I percorsi, antichi di millenni, che prevedono la dissoluzione dell’ego nella coscienza cosmica furono concepiti da individui di una tale levatura da far sembrare i loro lettori odierni dei perfetti cavernicoli, se messi al loro confronto. È come se questi lettori, aspiranti illuminati, pensassero di essere a pochi metri dal traguardo, quando in realtà devono ancora mettere in moto… e non solo, hanno anche problemi ad inserire la chiave nella fessura. Ma, invece di affrontare il problema, loro preferiscono immaginarsi già sul podio, ammantati da un’aura di santità, mentre elargiscono benedizioni e sorrisi benevolenti.

4. Ok, cosa farne?

Contrapporsi all’ego significa contrapporsi a sé, significa creare nuove fratture e nuove divisioni; è paradossale, non ha senso, è un po’ come “fare la guerra per portare la pace”. Un’assurdità. Che è quello che accade quotidianamente fra gli ego umani ed è ciò che li rende paradossalmente così simpatici a Dio.

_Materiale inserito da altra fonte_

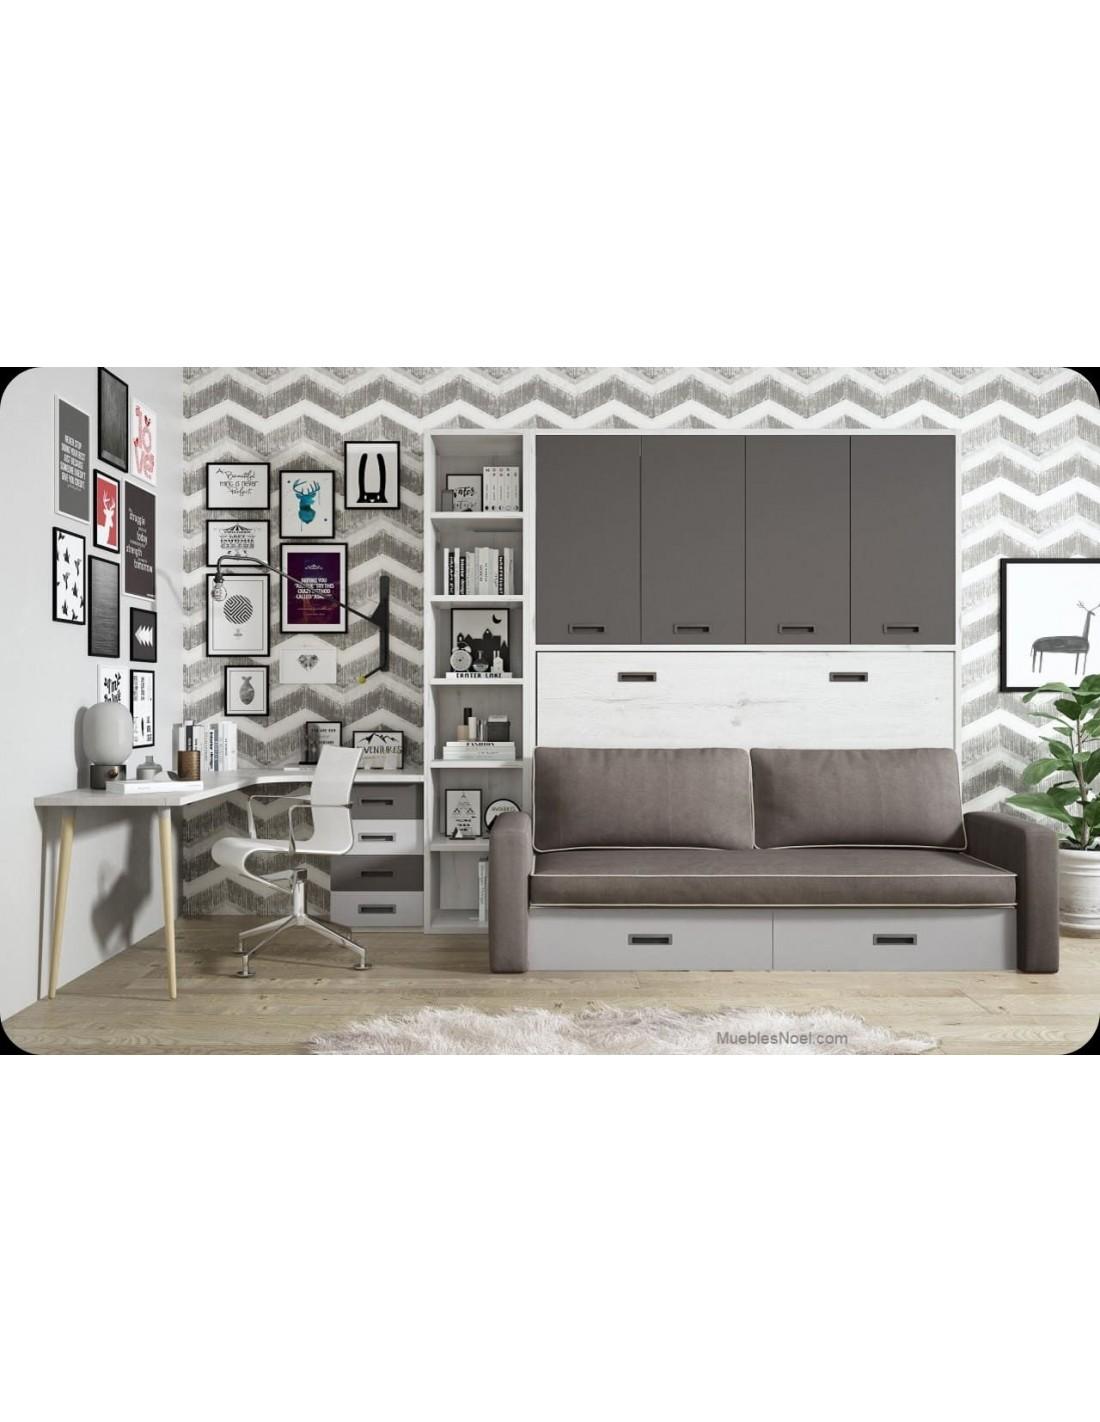 Dormitorio juvenil Alcala con cama abatible, sofá, armario y zona para estudiar.

L’ego non va negato né tantomeno combattuto, ma casomai riconosciuto, compreso e ridimensionato, ovvero: va capito in quale misura noi siamo esso e in quale misura non lo siamo. Esso è una parte di noi, ma non è la nostra totalità. L’ego è me, ma io non sono soltanto ego: io sono un insieme inscindibile di tutto ciò che mi compone. Io non sono “oltre” l’ego, io sono anche l’ego stesso; io non sono “oltre” il corpo, io sono anche il corpo stesso; e così via.

Ma non basta capirlo con la mente attraverso la ragione: dobbiamo sentirlo dentro. Questo non accade creando ragionamenti che dividono fra “ego = sbagliato” e “non ego = giusto”! Non accade nemmeno leggendo questo articolo.

Noi non siamo “oltre”, ma qui. Non saremo “un domani”, siamo adesso. Tutto ciò che è altrove o in un altro tempo, è fittizio, posticcio, immaginato, inesistente. Ma noi non lo sappiamo, perché siamo sempre lì che pensiamo a come fuggire via dall’ego e perderci fra le braccia di un fantomatico Dio che neppure conosciamo. Ma questo non accade, quindi soffriamo e diamo la colpa all’ego e a quel Dio a cui diciamo di affidarci e a cui rivolgiamo le nostre preghiere di richiesta di beatificazione, continuando implicitamente a non fidarci di Lui mentre siam lì che gli giuriamo amore eterno convinti di meritare il paradiso. Sempre e per sempre, ripetendo a ciclo continuo questa angosciante fuga. E questo perdurerà fino a quando non capiremo che non è la fuga dall’ego e dalla terrenità quella che ci occorre. Del resto, se siamo incarnati nel mondo (soprattutto in questa epoca) è per “fare cose con persone”, non certo per fonderci nelle impersonali ulteriorità celesti (cosa che accadrà in modo naturale a tempo debito). In altre parole, non veniamo qua per apprendere lo spirito che sta “oltre” la materia, no: veniamo qua per apprendere lo spirito che è DENTRO la materia.

Per penetrarla, per conoscerla e per divenire materia stessa, per questo noi ci incarniamo.